La de Sebastián Damiani es una historia más de un pibe, hoy un hombre, que salió desde Las Dalias con el bolso lleno de ilusiones y hoy puede contar todo lo que vivió en el camino. Como él, hay otros que buscarán emprender ese camino hacia una aventura ovalada lejos de su Club. Aunque reniega de hacerlo, deja un mensaje final que lo pinta en carne propia y es la síntesis de la fórmula de su éxito. “Yo voy a dejar un testimonio de lo que viví en carne propia. Yo cuando salió esta posibilidad, la verdad me entrené muy duro, muy fuerte, me entrené sólo y me entrene en momentos muy duros pero no aflojé nunca. Yo tuve ese objetivo y creo que esa meta me dio muchas fuerzas para no aflojar.

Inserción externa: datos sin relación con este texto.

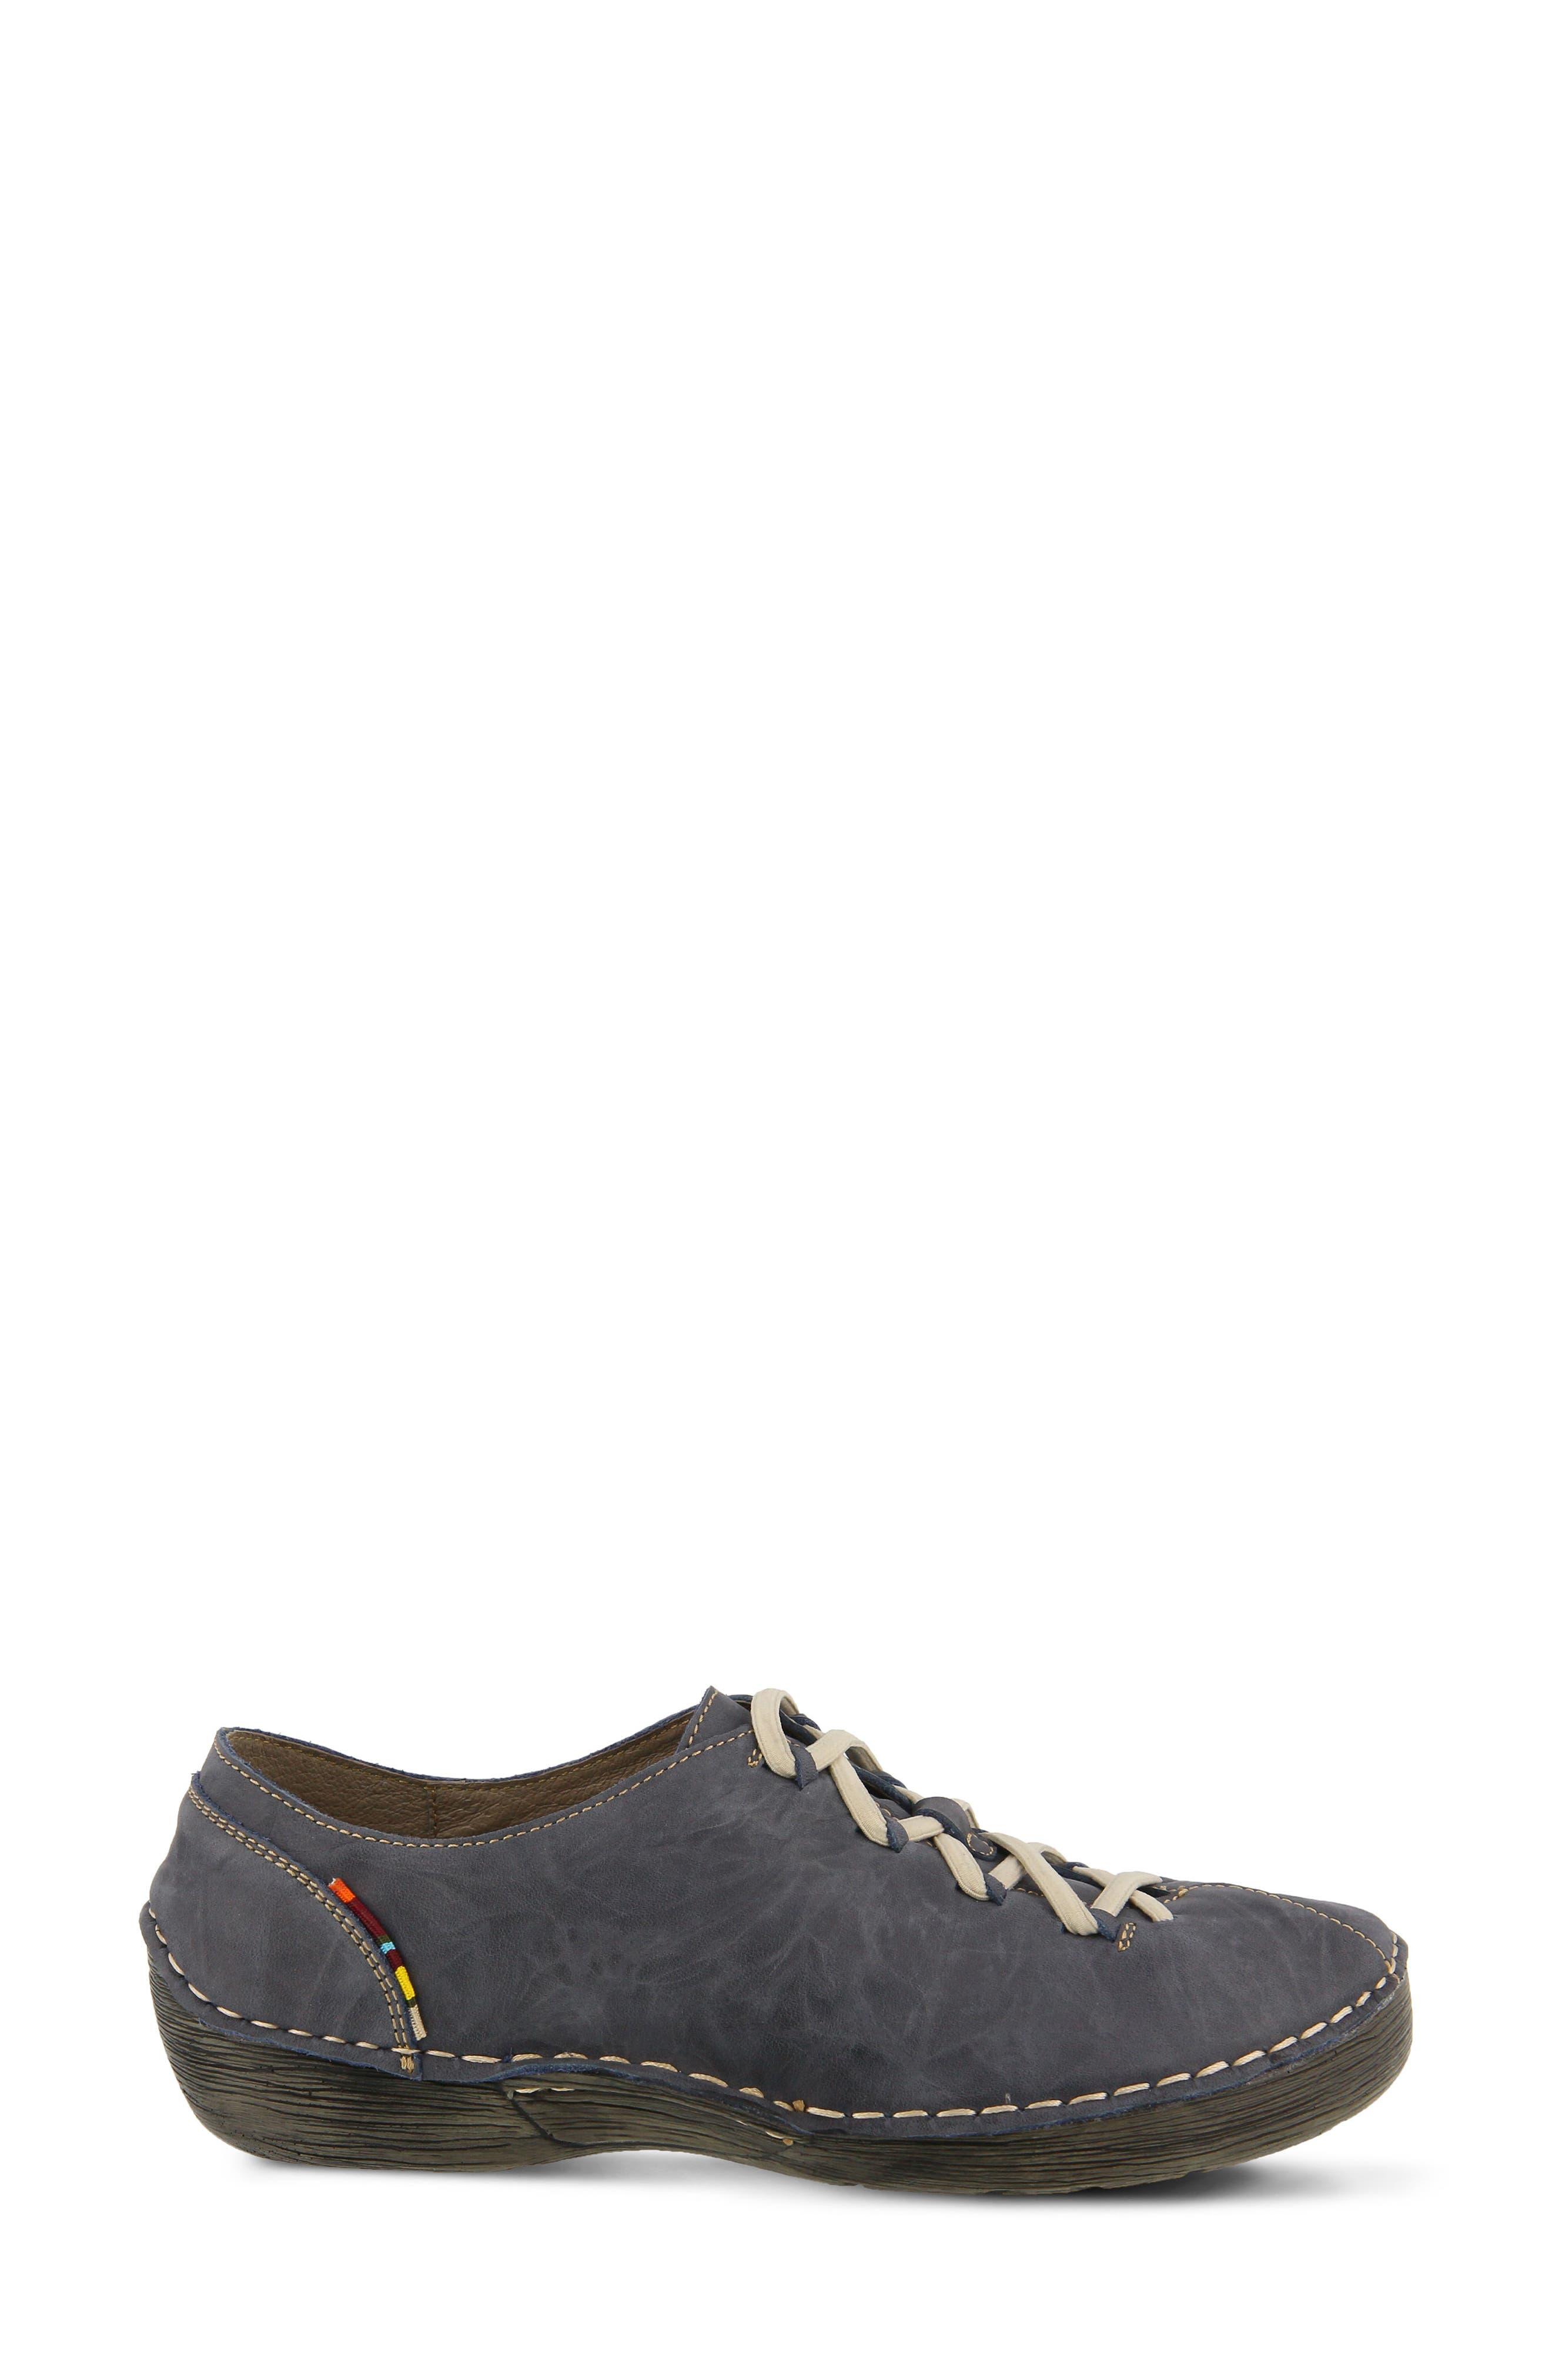 Carhop Sneaker,                             Alternate thumbnail 3, color,                             Blue Leather

Entrenarme de noche en cualquier horario, en invierno, a las 11 de la noche iba al gimnasio, me entrenaba con un preparador físico de ahí del gimnasio, tarde, muy tarde. Así que mira, no afloje nunca, hasta económicamente trate de trabajar para pagar el pasaje para venirme para acá. Y esas cosas así, pequeños detalles, tratar de ayudar a mi familia, dar lo mejor en mi club con mi visión, ayudar. Eso es todo lo que te ayuda a llegar a ese objetivo, no solamente lo rugby. Así que bueno, yo me acuerdo que esa experiencia de vida es lo que yo le puedo decir a los chicos: que no aflojen nunca. Que cuando estén bajoneados que aprieten los dientes, se levanten y que salgan. Que salgan, que prueben, que probando seguramente van a crecer mucho. Van a ver cosas y van a haber cosas muy duras, pero uno con una buena educación y teniendo los fundamentos básicos bien encaminados creo que podes salir. Así que yo le digo a todos los chicos que sigan para adelante, que no bajen los brazos nunca, que el rugby en Argentina está creciendo un montón y que eso la verdad que es una base fundamental y que eso los va ayudar el día de mañana seguramente, que con una buena educación, en la escuela, la familia, lo va a ayudar seguramente a no ser un gran jugador, pero si a ser una buena persona. Que después, con el tiempo, va a dar el paso siguiente para ser un gran jugador”.